A: My favorite facts involving logarithms are indeed law of the iterated logarithm, coupon collector's problem and giant component, but they seem to be already mentioned in previous answers.
However, there is a lot of cute facts about logarithms, that were not mentioned yet:
1) The logarithm is used to express relationships between uniform continuous, exponential and Pareto distributions:
If $X \sim U(0,1)$ then $- {\lambda}^{-1} \ln {X} \sim Exp(\lambda)$
If $X \sim P(\lambda, t)$, then $\ln{\frac{X}{t}} \sim Exp(\lambda)$
2) $\exists c \in \mathbb{R}, B_n \leq {(\frac{cn}{\ln {(n+1)}})}^n$, where $B_n$ is the n-th Bell number.
3) The smallest possible independence number in an n-vertex triangle-free graph is $O({(n \ln{n})}^{\frac{1}{2}})$
4) $\frac{2(\ln n)}{\ln(\frac{1}{p})}$ is the size of the largest clique in almost every random graph with $n$ vertices and edge probability $p$
5) The number of groups of order $n$ is less, than $n^{\frac{(\ln n)^2}{2}}$
6) Every finite group $G$, whose composition factors are isomorphic neither to Steinberg groups, nor to Suzuki groups, nor to Ree groups, has a presentation of order $O((\ln |G|)^3)$
7) If $G$ is a non-abelian simple group, $\exists S (\langle S \rangle = G) \cup (|S| \leq 7) \cup (diam(Cay(G, S)) \leq {10}^{10}\ln|G|)$
8) There exists such a constant $C$, such that every finite group G has less than $\frac{C \ln |G|}{(\ln \ln |G|)^8}$ conjugacy classes.

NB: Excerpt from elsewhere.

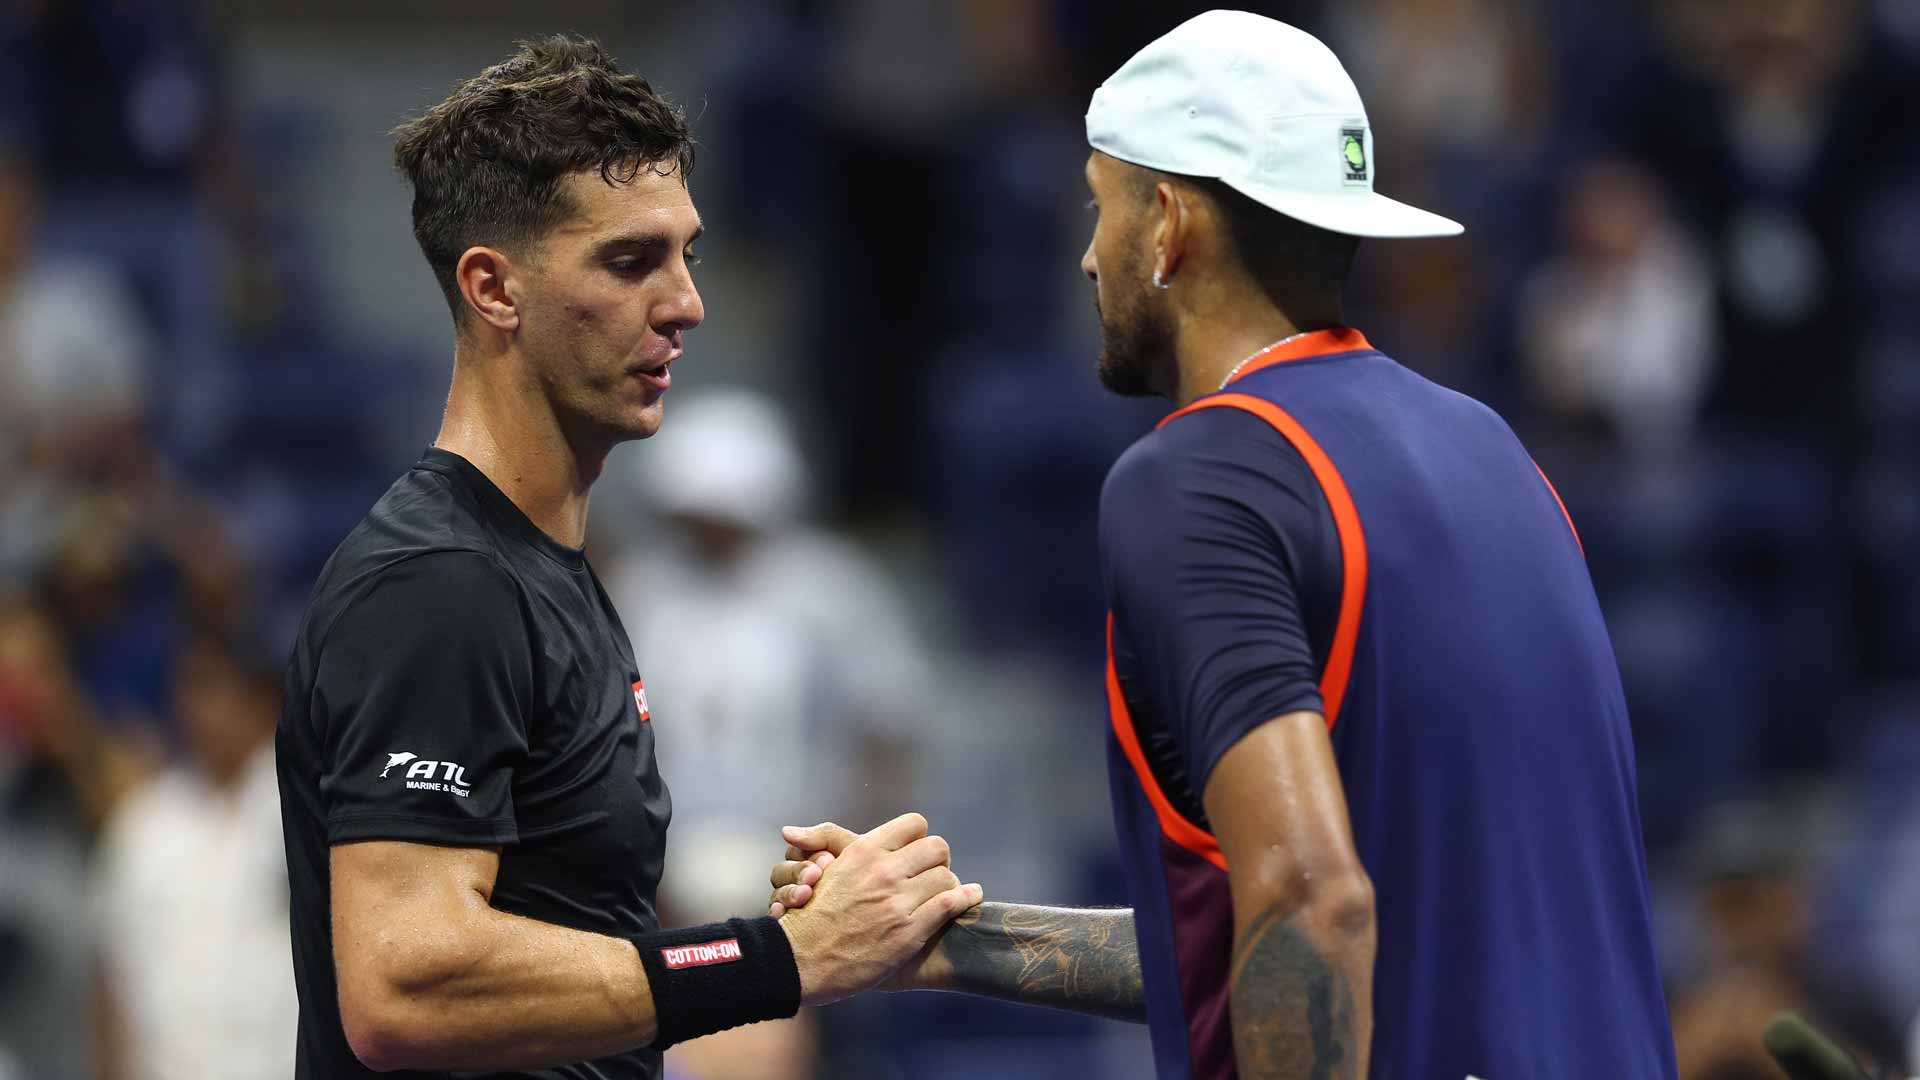 Close friends Kokkinakis and Kyrgios encountered each other in the US Open opening round.

9) And there are also several inequalities for Ramsey numbers, that involve logarithms:
$$\exists c \in \mathbb{R} \forall n \in \mathbb{N} \text{ }R(n, n) \leq n^{\frac{-c \ln{n}}{\ln{\ln{n}}}} 4^n \text{(Conlon inequality)}$$
$$R(3, n) = O(\frac{n^2}{\ln {n}})$$
$$\exists \{c_n\}_{n=1}^{\infty} \subset \mathbb{R} \forall n \in \mathbb{N} \forall m \in \mathbb{N} \text{ } c_n \frac{m^{\frac{m+1}{2}}}{{(\ln{m})}^{\frac{n+1}{2} - \frac{1}{n-2}}} \leq R(n, m) \text{(Bohman-Keevash inequality)}$$
$$\exists \{c_n\}_{n=1}^{\infty} \subset \mathbb{R} \forall n \in \mathbb{N} \forall m \in \mathbb{N} \text{ } R(n, m) \leq c_n \frac{m^{n-1}}{{(\ln{m})}^{n-2}} \text{(Ajtai-Komlós-Szemerédi inequality)}$$
A: Let $d(n)$ be the number of divisors of $n$. Then $\sum_{n=1}^xd(n)$ is asymptotic to $x\log x$. That is to say, $$\lim_{x\to\infty}{1\over x\log x}\sum_{n=1}^xd(n)=1$$ More is known: $$\sum_{n=1}^xd(n)=x\log x+(2\gamma-1)x+O(\sqrt x)$$ where $\gamma$ is Euler's constant. 

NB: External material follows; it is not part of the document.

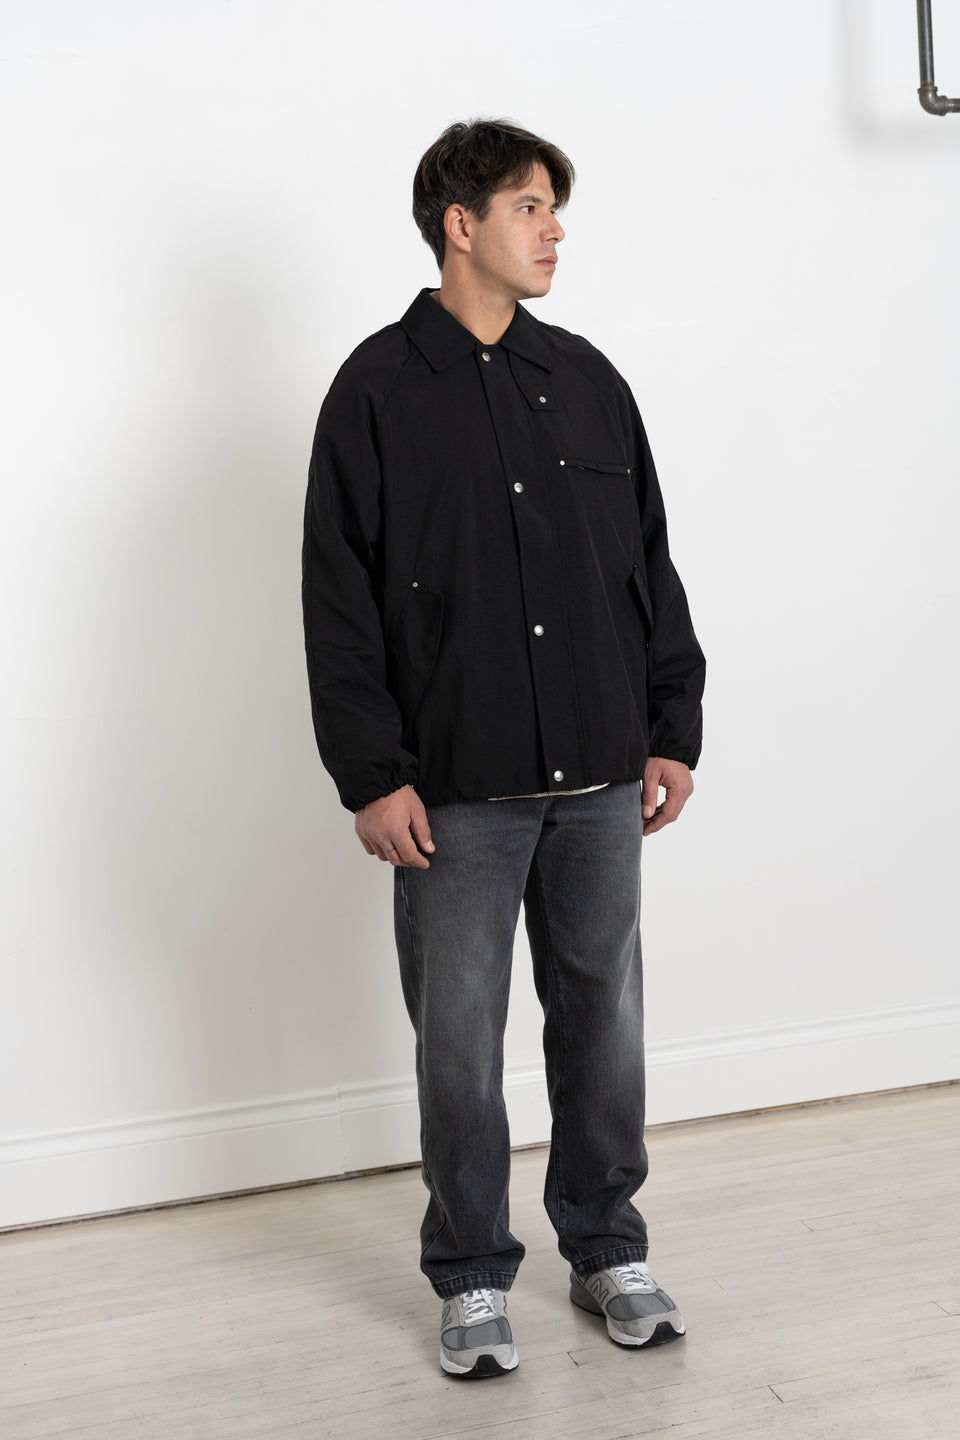 mfpen AW23 or FW23 Men's Collection Prestige Jacket Recycled Black Ripstop Recycled Nylon Calculus Victoria BC Canada

A: The continuous solution of the functional equation $f(x\cdot y)=f(x)+f(y)$, with the condition $f'(1)=1$ is $f(x)=\ln (x)$. 
Changing the value of $f'(1)$ we find the other logarithm functions. 
A: Here's another one related to some of your examples: the $n$-th harmonic number
$$ H_n = 1 + \frac{1}{2} + \ldots + \frac{1}{n} $$
satisfies
$$ H_n \approx \ln(n) + \gamma $$
where $\gamma$ is the Euler-Mascheroni constant. The error in the above approximation is slightly less than $\frac{1}{2n}$.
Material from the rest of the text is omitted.